Draft Genome Sequence of Highly Nematicidal Bacillus thuringiensis DB27

Igor Iatsenko a,, Craig Corton b, Derek J Pickard b, Gordon Dougan b, Ralf J Sommer a,
PMCID: PMC3931364  PMID: 24558243

Abstract

Here, we report the genome sequence of nematicidal Bacillus thuringiensis DB27, which provides first insights into the genetic determinants of its pathogenicity to nematodes. The genome consists of a 5.7-Mb chromosome and seven plasmids, three of which contain genes encoding nematicidal proteins.

GENOME ANNOUNCEMENT

Bacillus thuringiensis is a Gram-positive bacterium pathogenic to a number of invertebrate hosts (1). The pathogenicity of B. thuringiensis is largely mediated by crystal (Cry) toxin proteins produced during sporulation (2). Due to the insecticidal properties of the Cry toxins, which are not toxic to vertebrates, B. thuringiensis has been extensively used as a biopesticide (1, 2).

Whole-genome sequencing has proven to be a useful tool for the discovery of novel Cry toxins (3). While several B. thuringiensis strains have been sequenced (49), there is lack of whole-genome sequence data for nematicidal B. thuringiensis strains. Obviously, such information is of great importance, since it helps to reveal unknown aspects of B. thuringiensis pathogenic mechanisms, e.g., pathogenicity against animals other than insects. One potential target is nematodes, which often live in the soil and were previously shown to interact with Bacillus Cry toxins (10).

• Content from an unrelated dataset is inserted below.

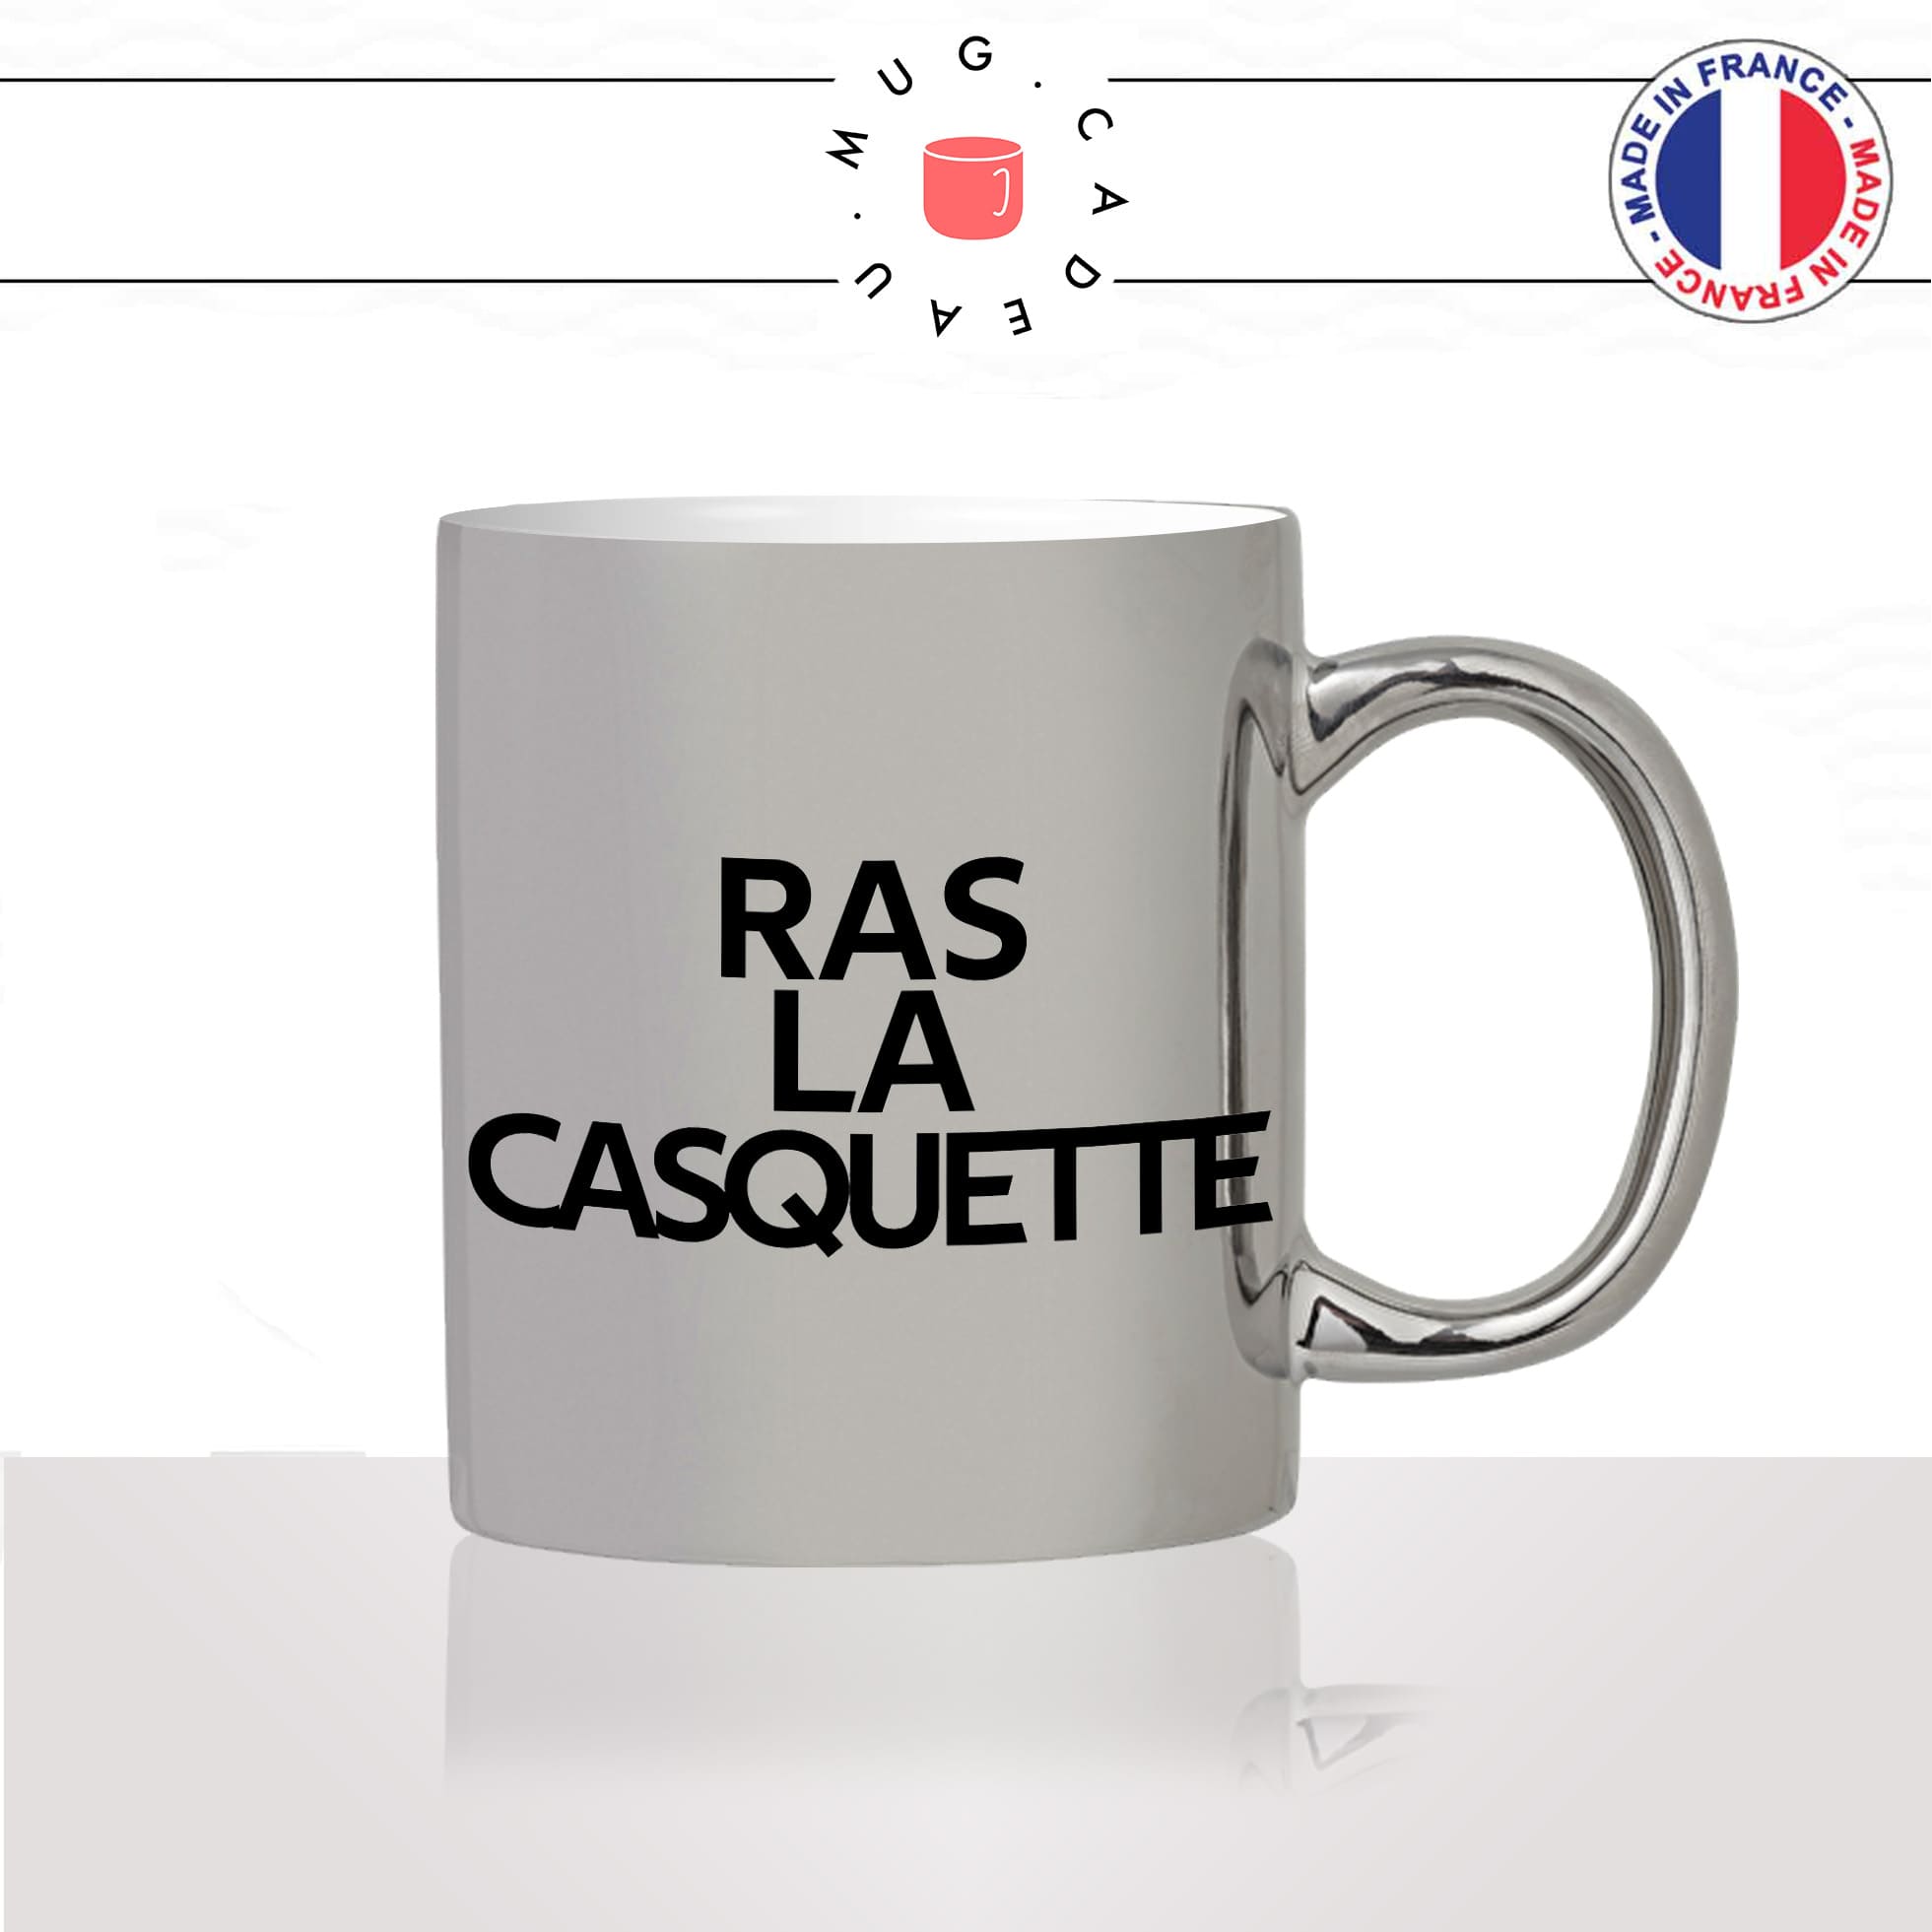 mug-tasse-argenté-argent-gris-silver-ras-la-casquette-expression-francaise-jen-ai-marre-humour-fun-idée-cadeau-originale-cool2

We previously isolated the nematicidal strain B. thuringiensis DB27 from dung beetles, and this strain exhibits strong virulence to the nematode Caenorhabditis elegans (11). While the mechanisms of C. elegans resistance (12) and transcriptional response (13) to this pathogen have been described, the nematicidal virulence determinants of B. thuringiensis DB27 are currently unknown. To provide first insights into B. thuringiensis DB27 virulence mechanisms, we sequenced its whole genome.

Genomic DNA was isolated from B. thuringiensis DB27 using the MasterPure Gram-positive DNA isolation kit (Epicenter). Whole-genome sequencing was performed using Roche and Illumina platforms with a GS FLX Titanium 8-kb paired-end library and an Illumina 250-bp paired-end library, respectively. Approximately 2.4 million 150-bp Illumina reads were assembled using Velvet version 1.1.06 (14). The resulting Velvet assembly was combined with ~280,000 454 reads, with an average length of 308 bases, using Newbler de novo version 2.6 assembler, generating a total of 387 contigs, 260 of which were contained in 33 scaffolds representing 98.4% of the total genome assembly. The combined assembly was then improved using computational and manual methods: (i) IMAGE (15) was used for the Newbler-generated scaffold information and Illumina reads were used to reduce the number of sequence gaps, (ii) ICORN (16) used Illumina data to correct base errors introduced by 454 sequencing, and (iii) the sequence was manually edited in Gap4 (17). The final assembly is represented by 235 contigs, of which 156 contigs are in 7 scaffolds representing the main chromosome, 49 contigs are unplaced, and 30 contigs are in 7 scaffolds identified as plasmids. The open reading frames (ORFs) were identified using Prodigal version 2.6 (18).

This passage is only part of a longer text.